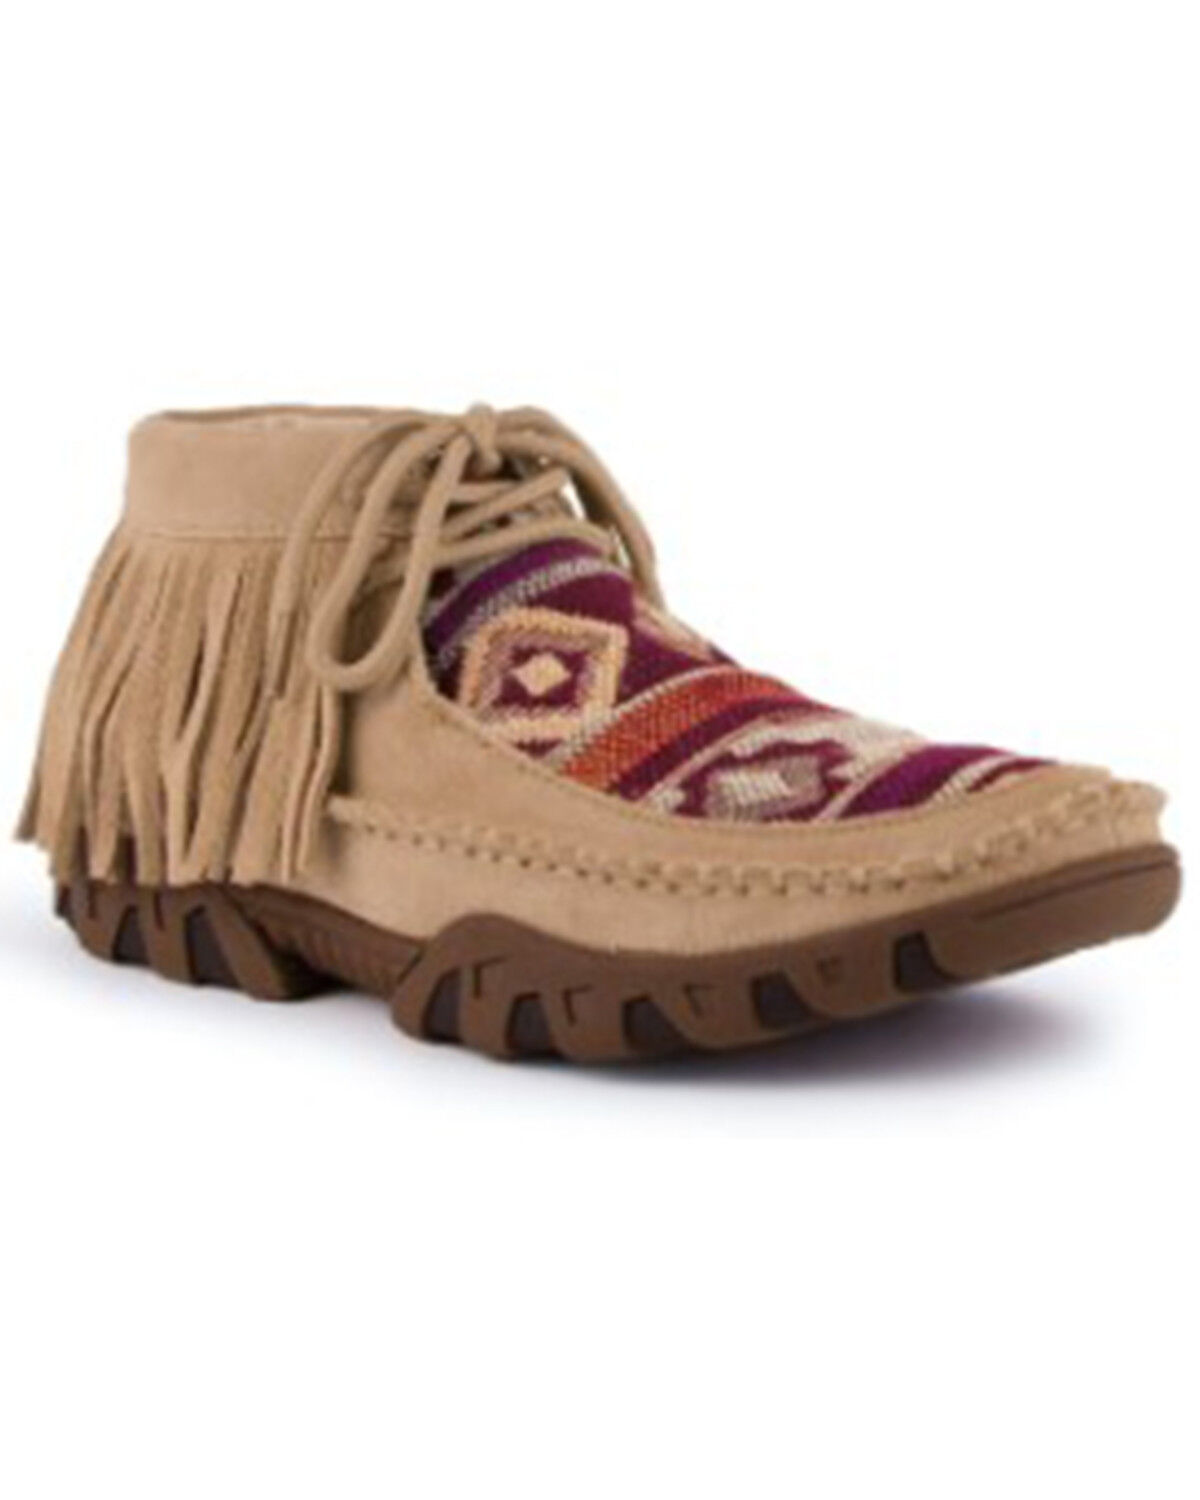 tan moccasin boots
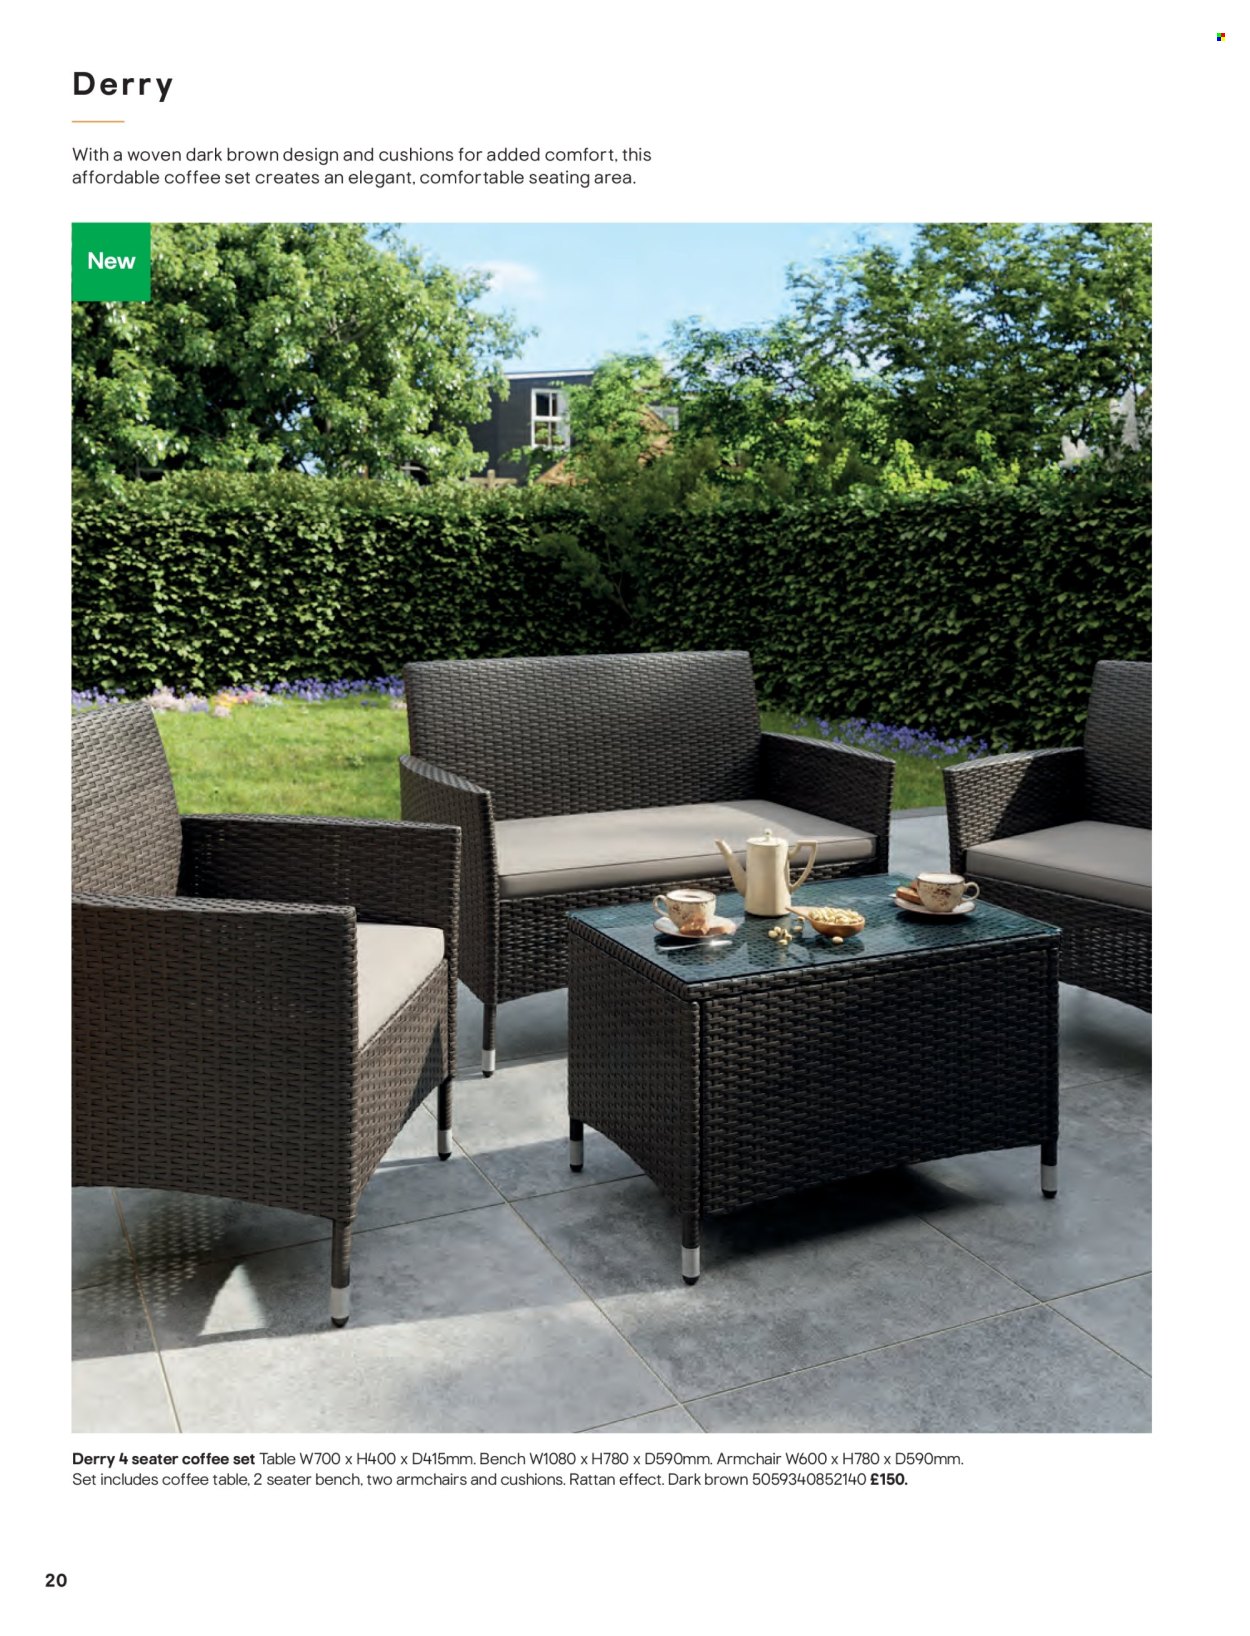 thumbnail - B&Q offer  - Sales products - cushion, table, bench, arm chair, coffee table. Page 20.
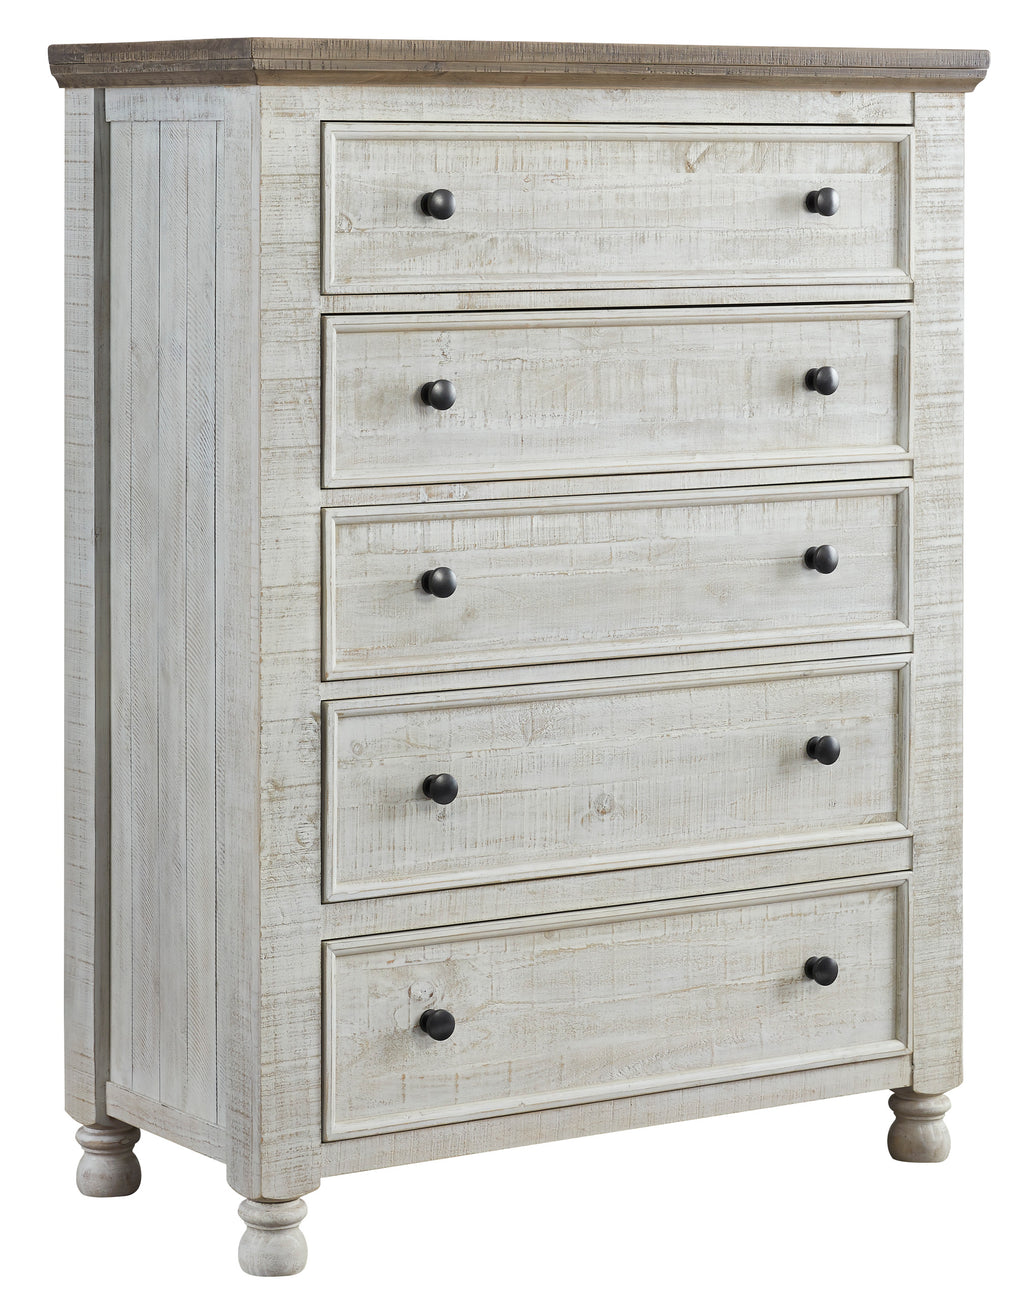 Havalance Chest of Drawers
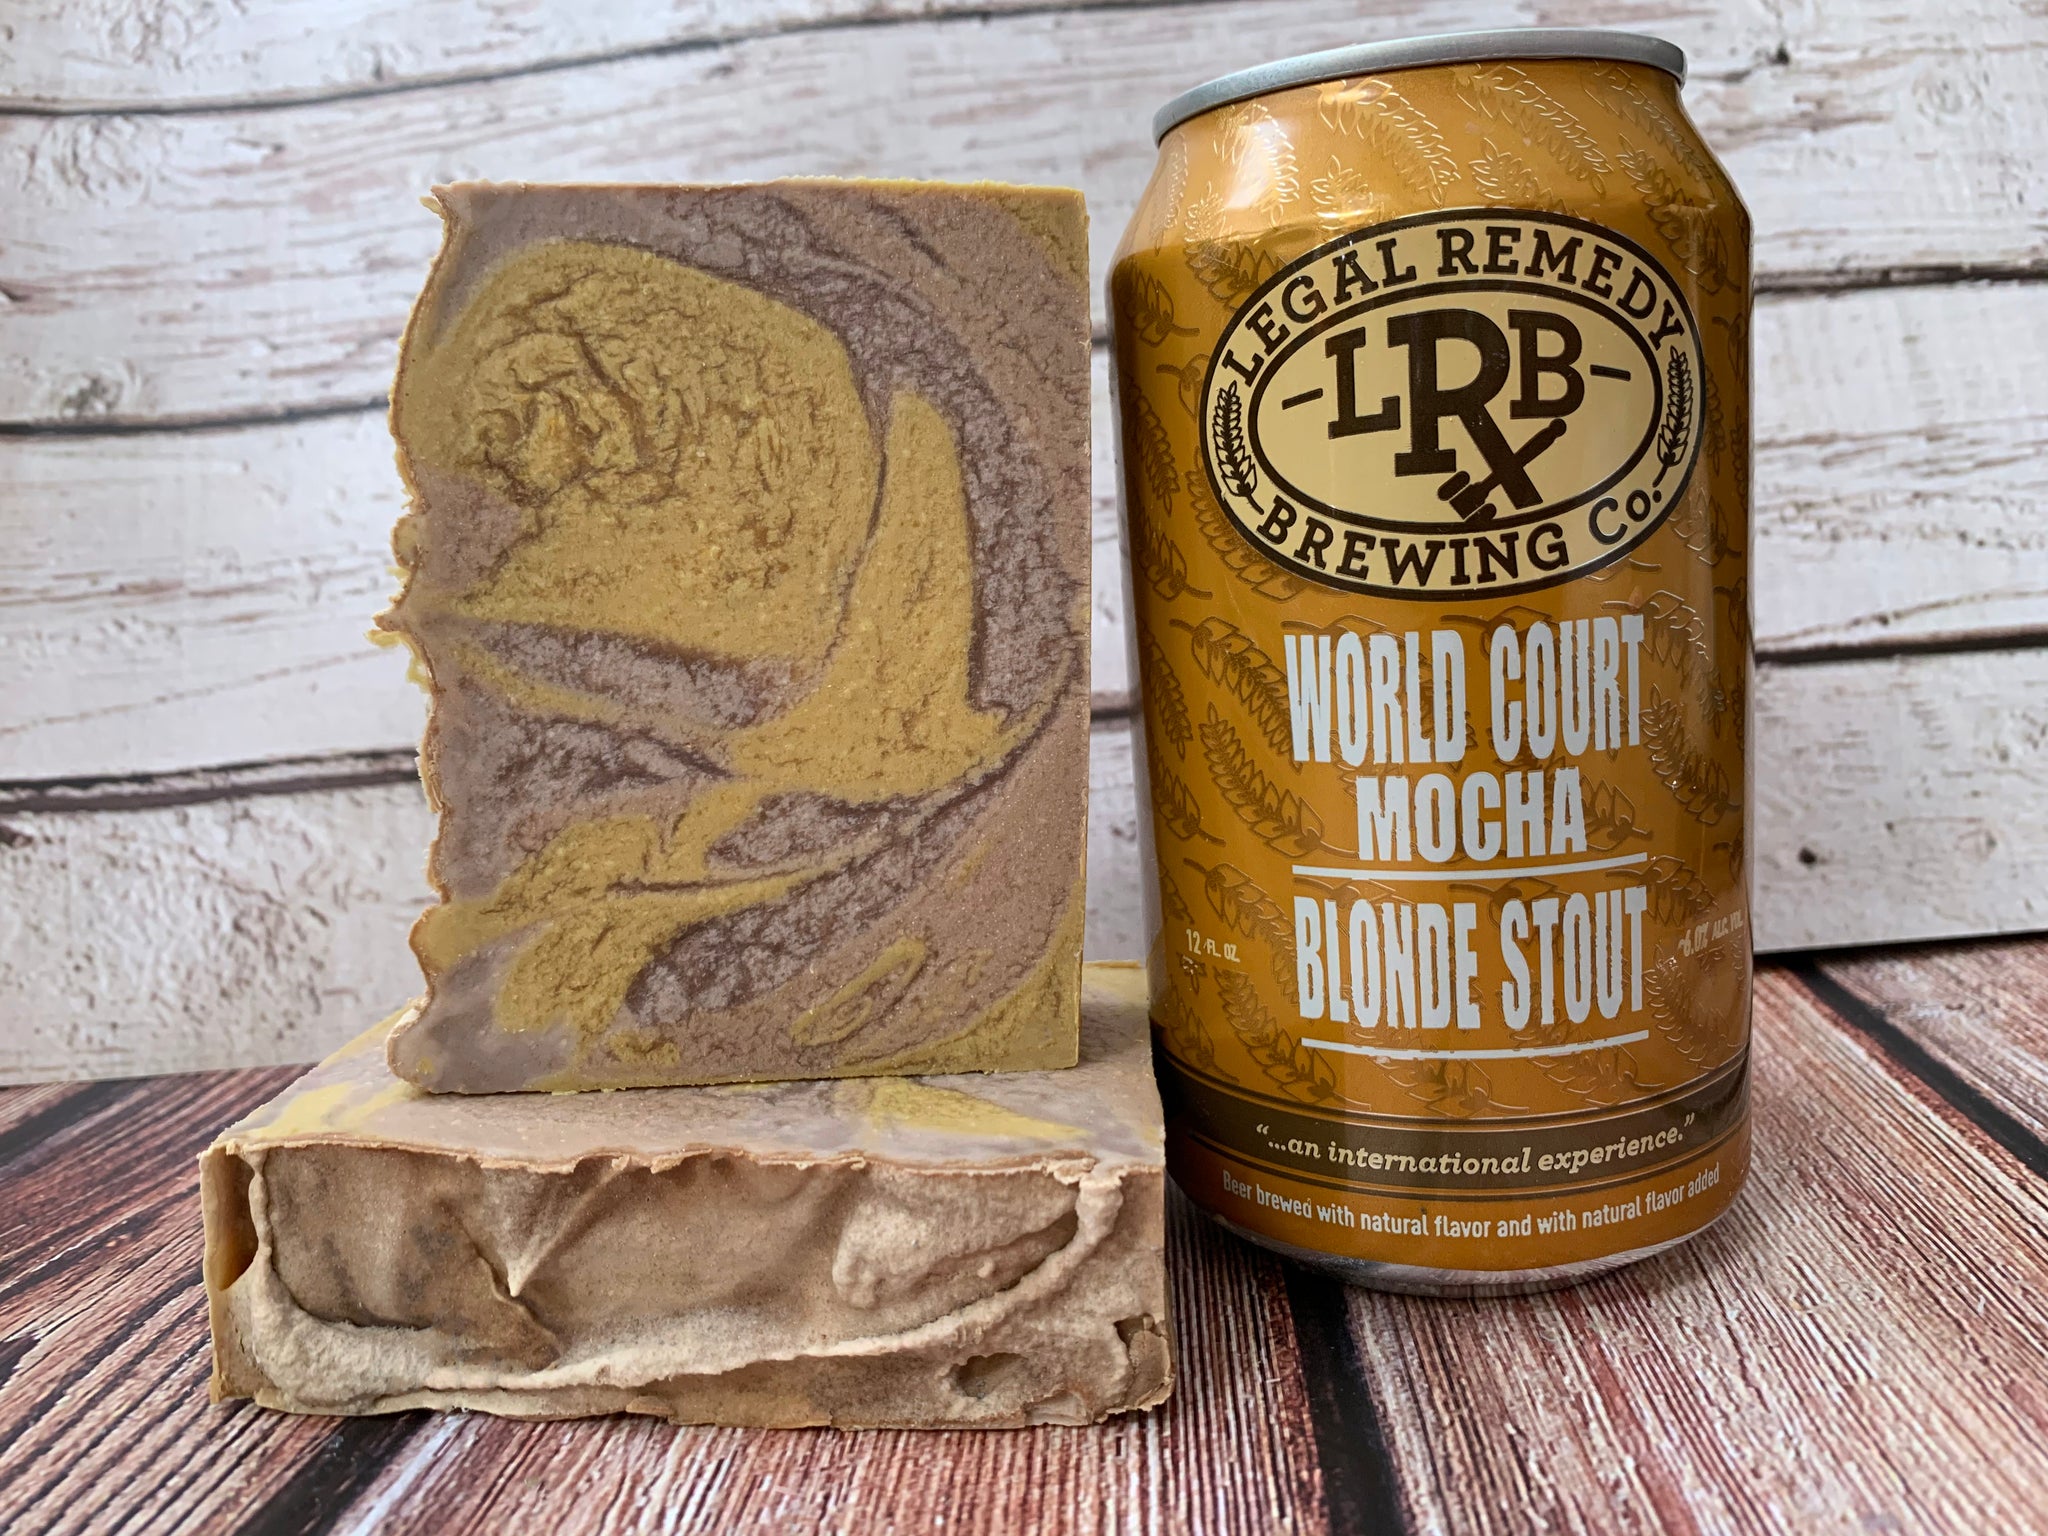 coffee craft beer soap made with world court mocha blonde stout from legal remedy brewing co. rock hill South Carolina craft brewery spunkndisorderly

+-------+

**Try it:**
Copy back exactly the lines above from the one containing "thumbnail - B&Q" through the one containing "Havalance Chest of Drawers", and leave every picture behind.

**Answer section:**
 thumbnail - B&Q offer  - Sales products - cushion, table, bench, arm chair, coffee table. Page 20.
 Havalance Chest of Drawers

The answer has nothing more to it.